* What is required
Return the lines below exactly, from the first line to the line that contains "Elektromobilių pramonei –". Leave out pictures.

(Extracted information Opens)

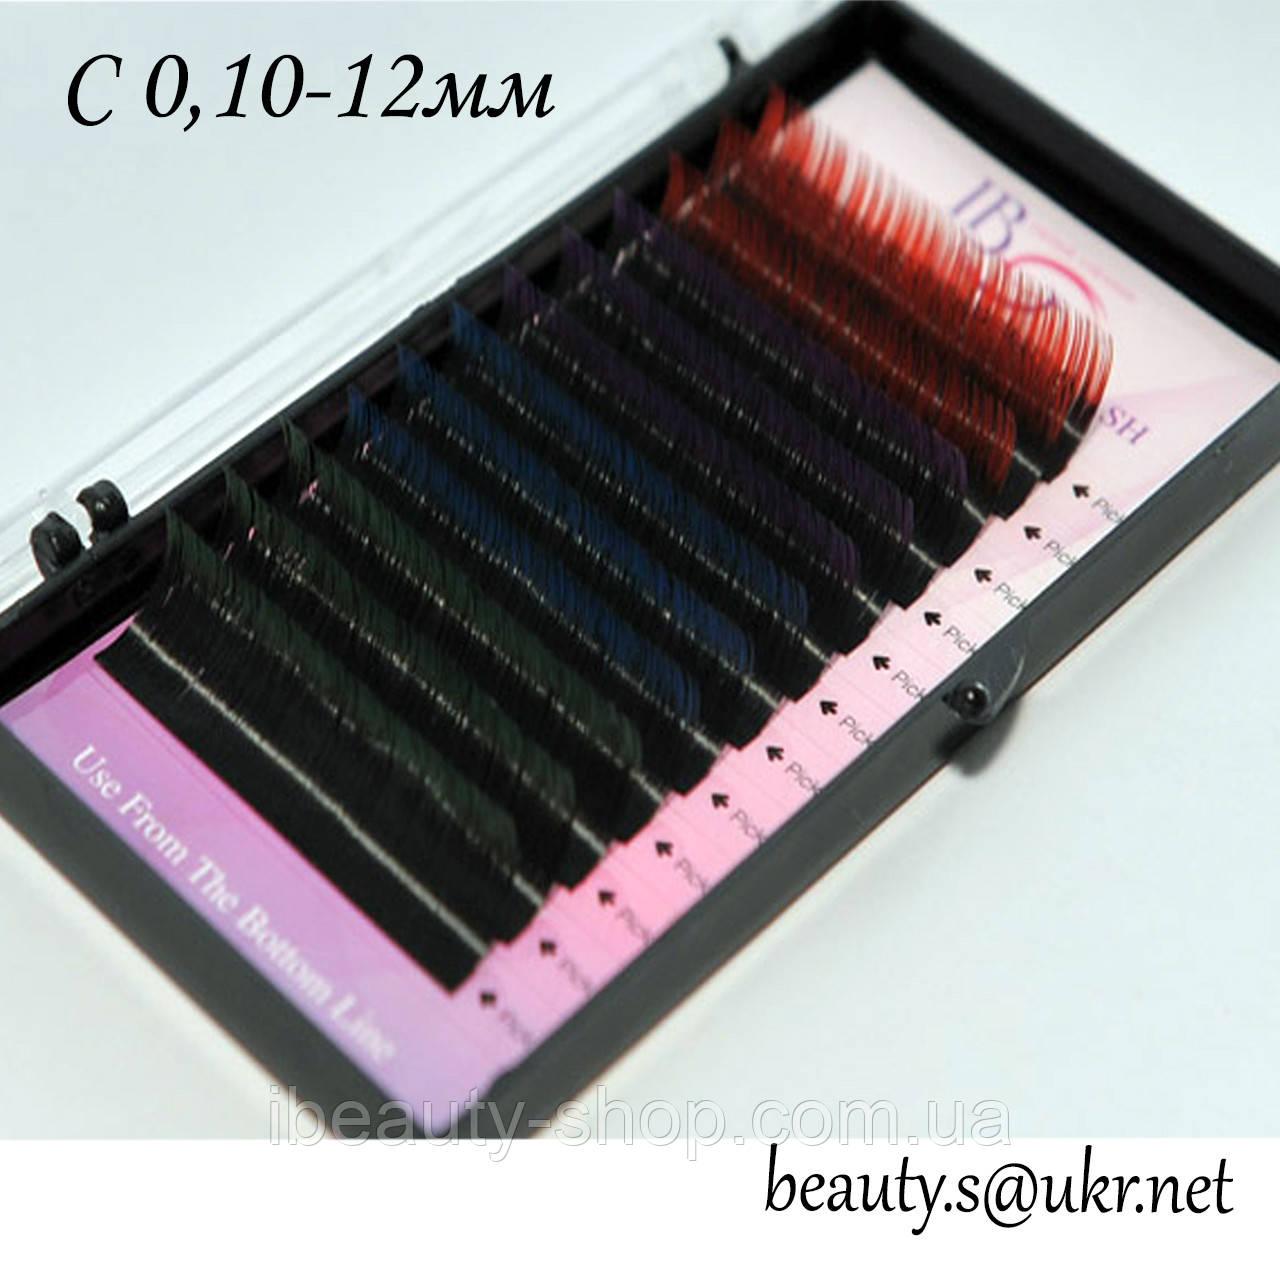 Ресницы I-Beauty, С 0,10-12мм,цветные концы,4 цвета
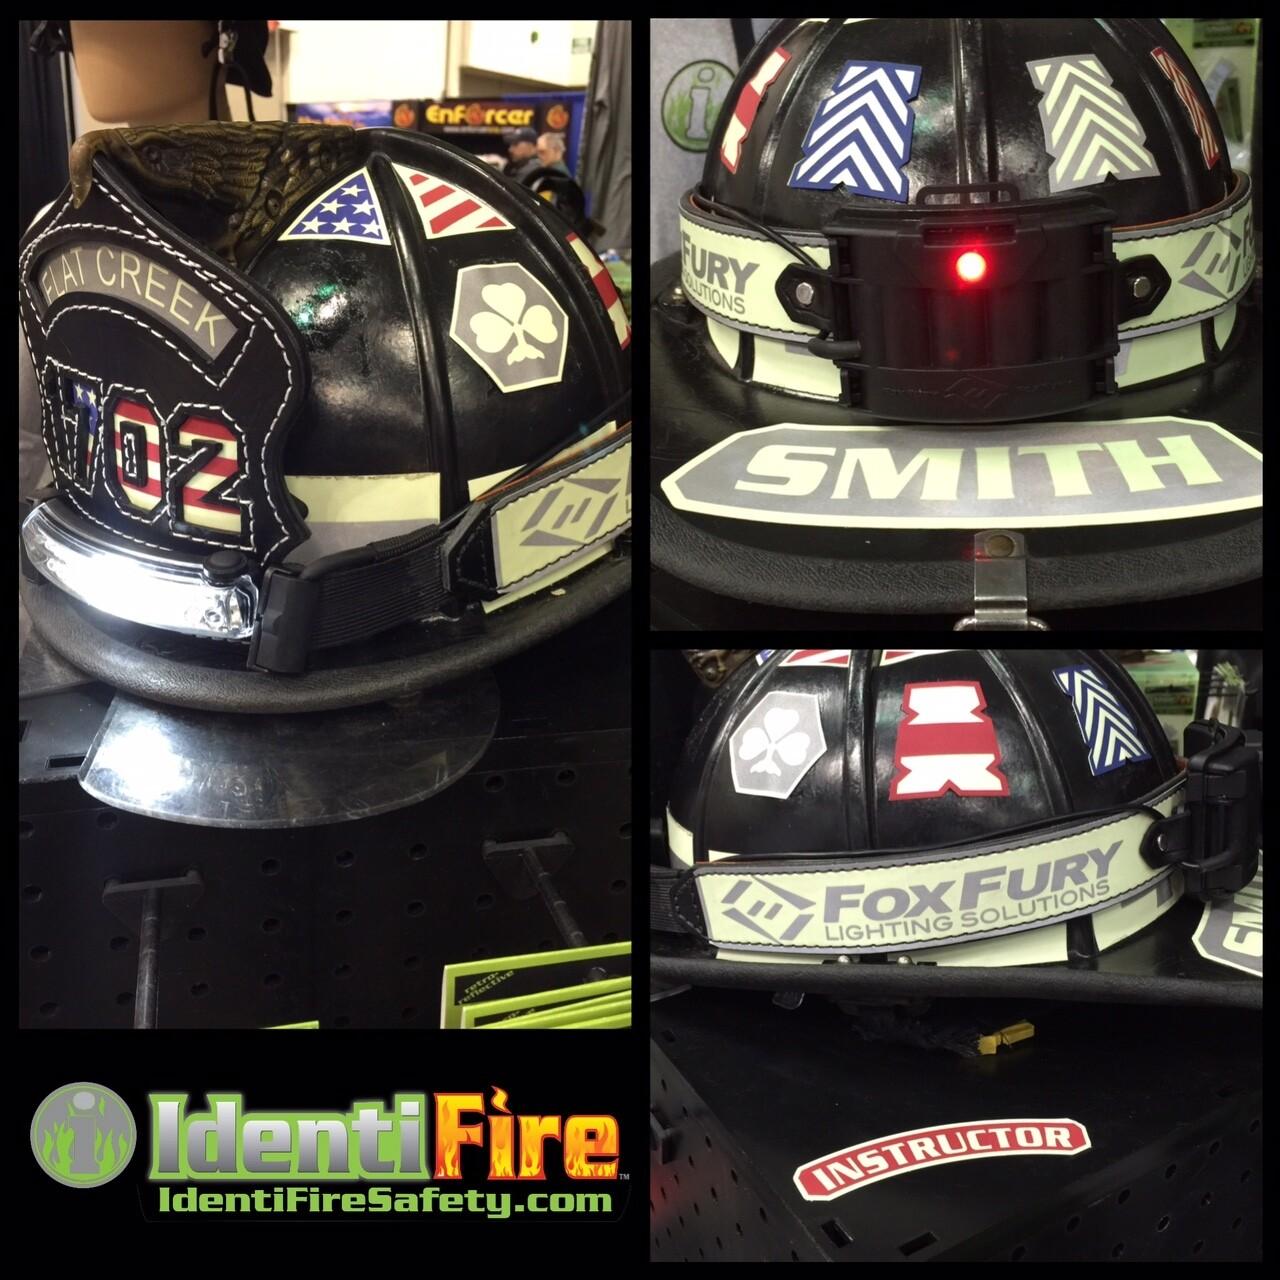 IdentiFire Gen 2 Helmet Band w/ FoxFury Light
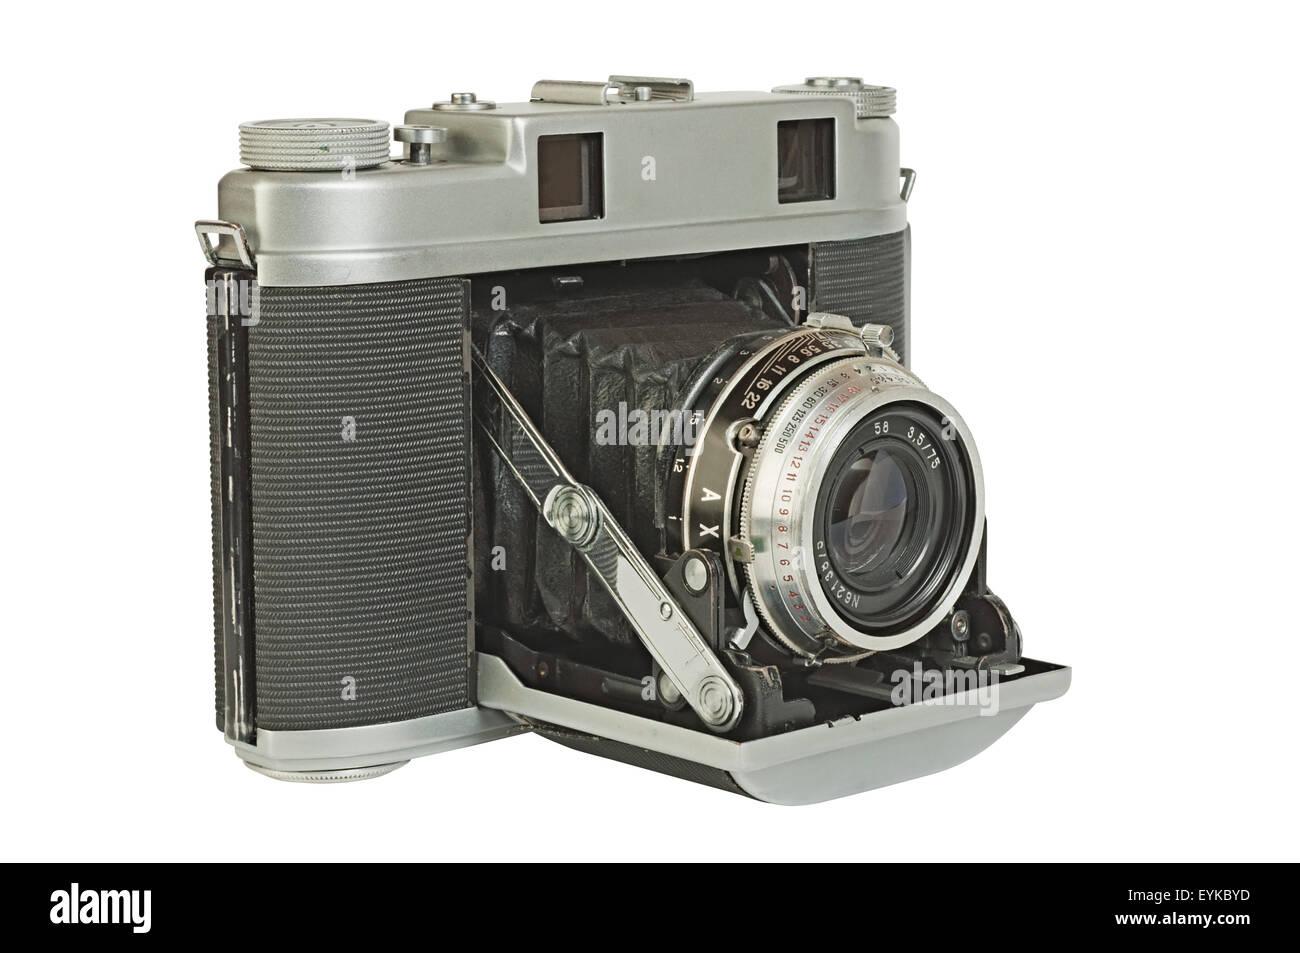 Alte foto kamera einen entfernungsmesser mit akkordeon falten
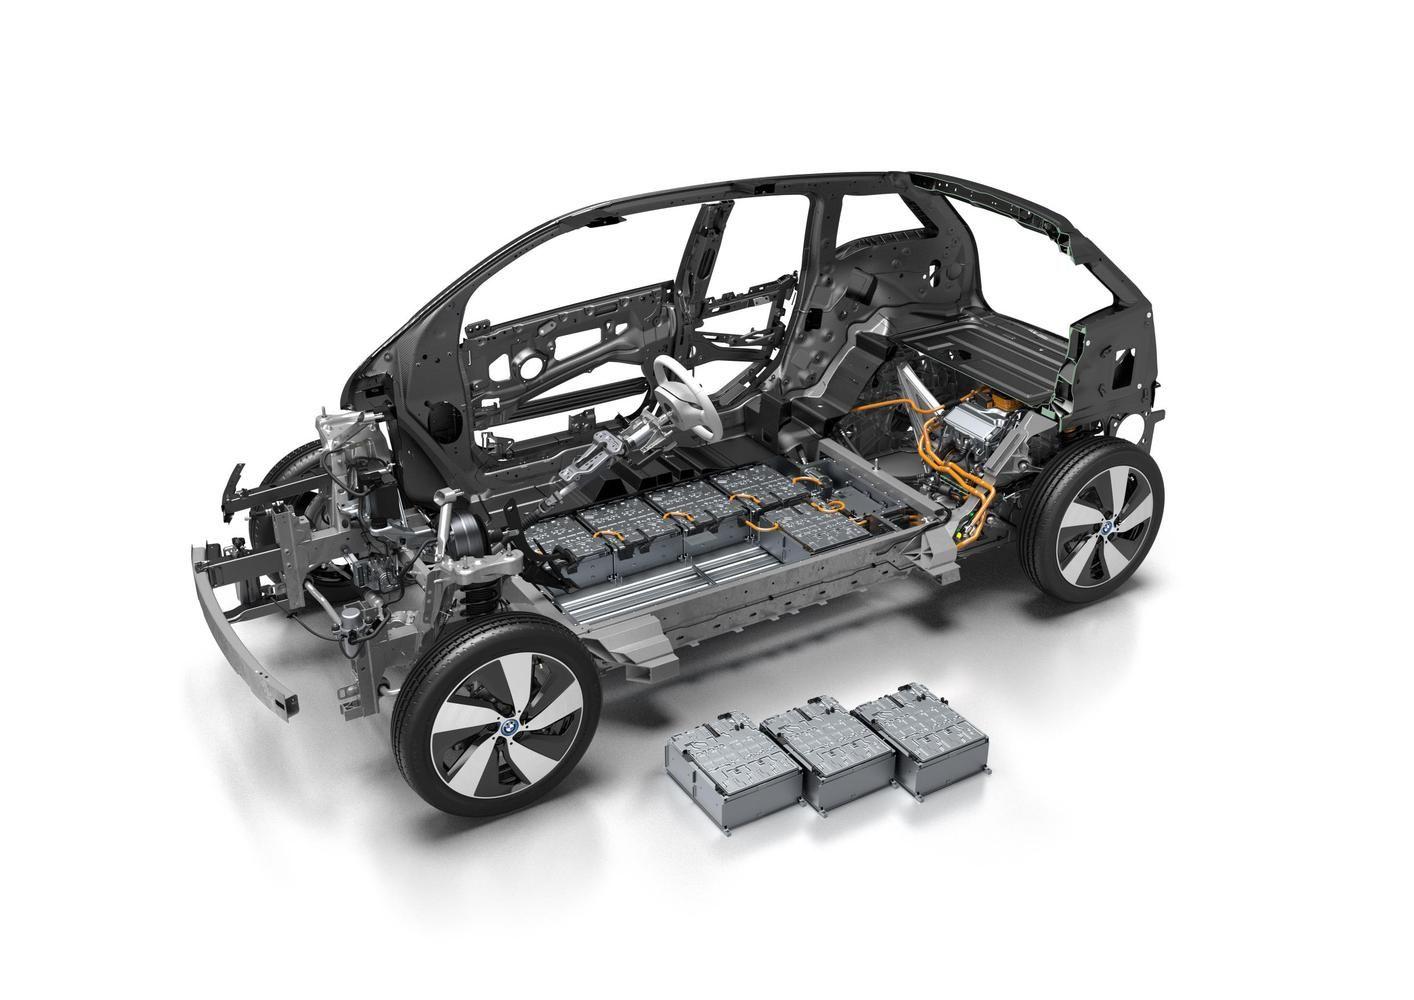 Elektromobilių pramonei – sprendimas, kaip mažinti kobalto poreikį
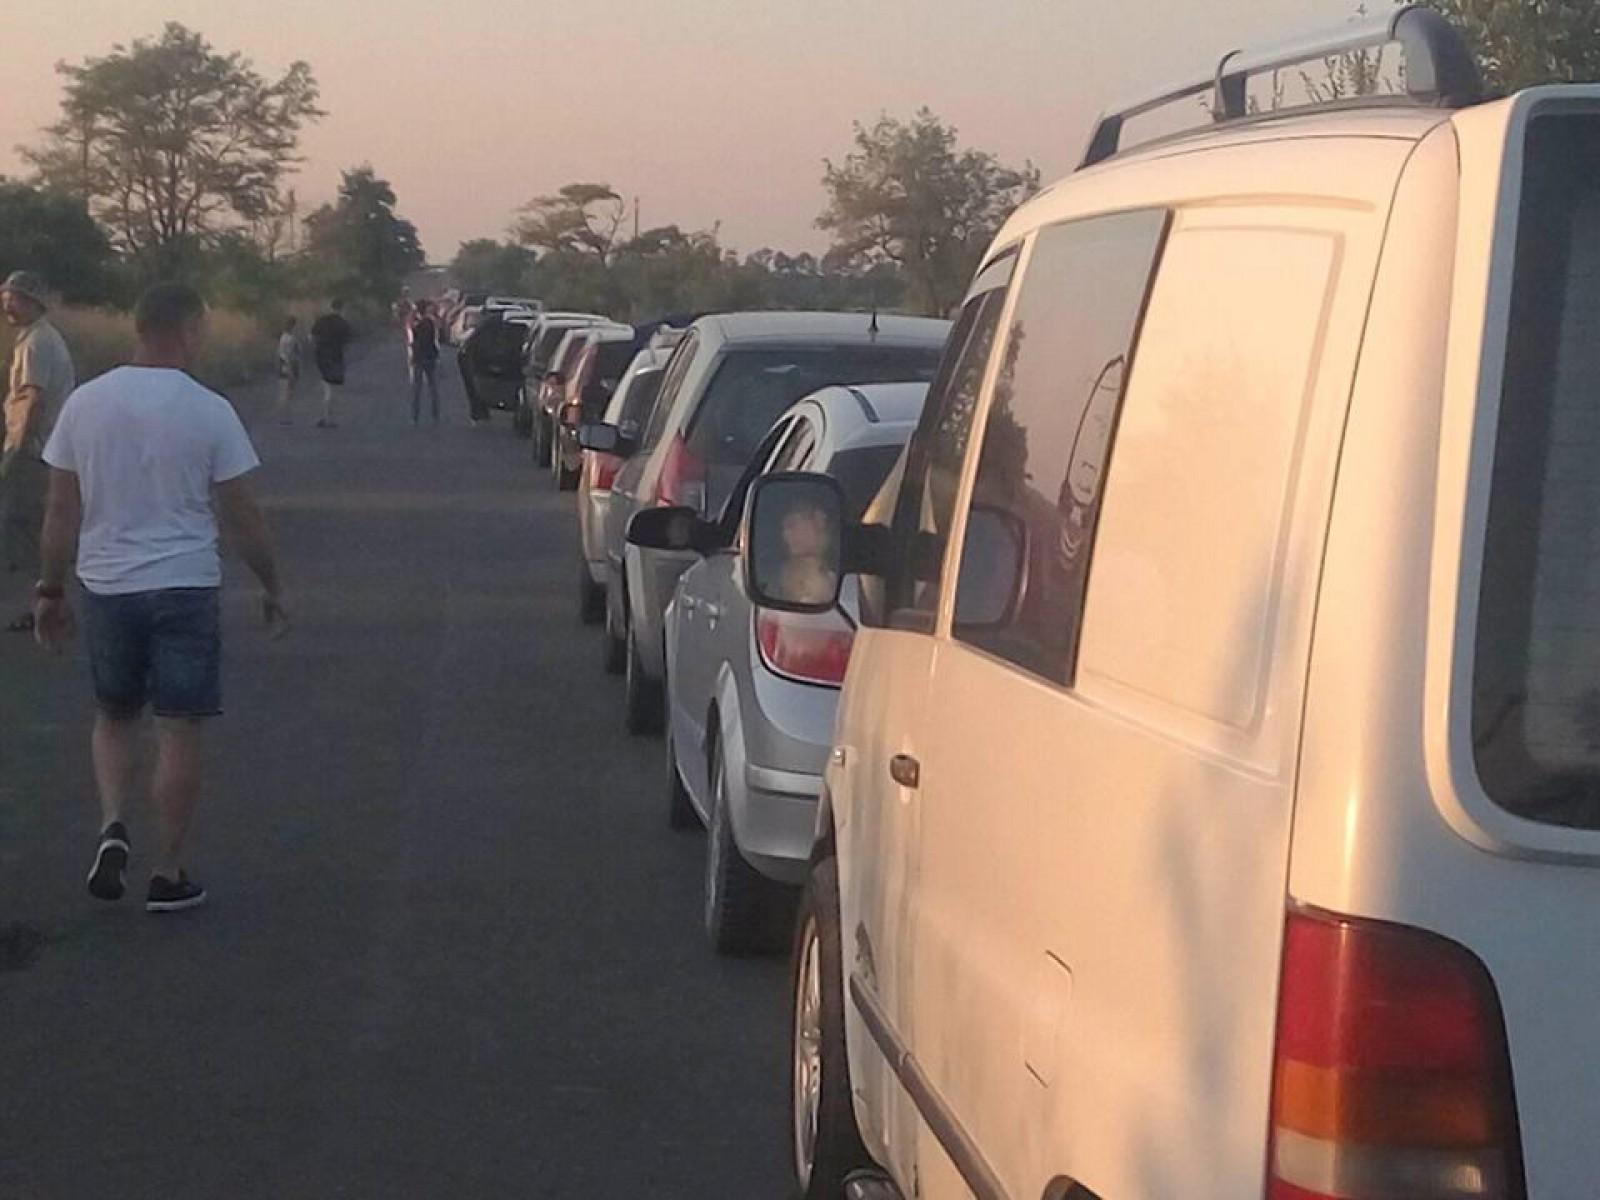 (foto/update) Coadă de mașini se înregistrează la punctul de trecere Palanca: Circa 50 de mijloace de transport așteaptă trecerea frontierei de stat

(Extracted information Closes)

* Your response
 Ресницы I-Beauty, С 0,10-12мм,цветные концы,4 цвета
 IdentiFire Gen 2 Helmet Band w/ FoxFury Light
 Alte foto kamera einen entfernungsmesser mit akkordeon falten
 Elektromobilių pramonei – sprendimas, kaip mažinti kobalto poreikį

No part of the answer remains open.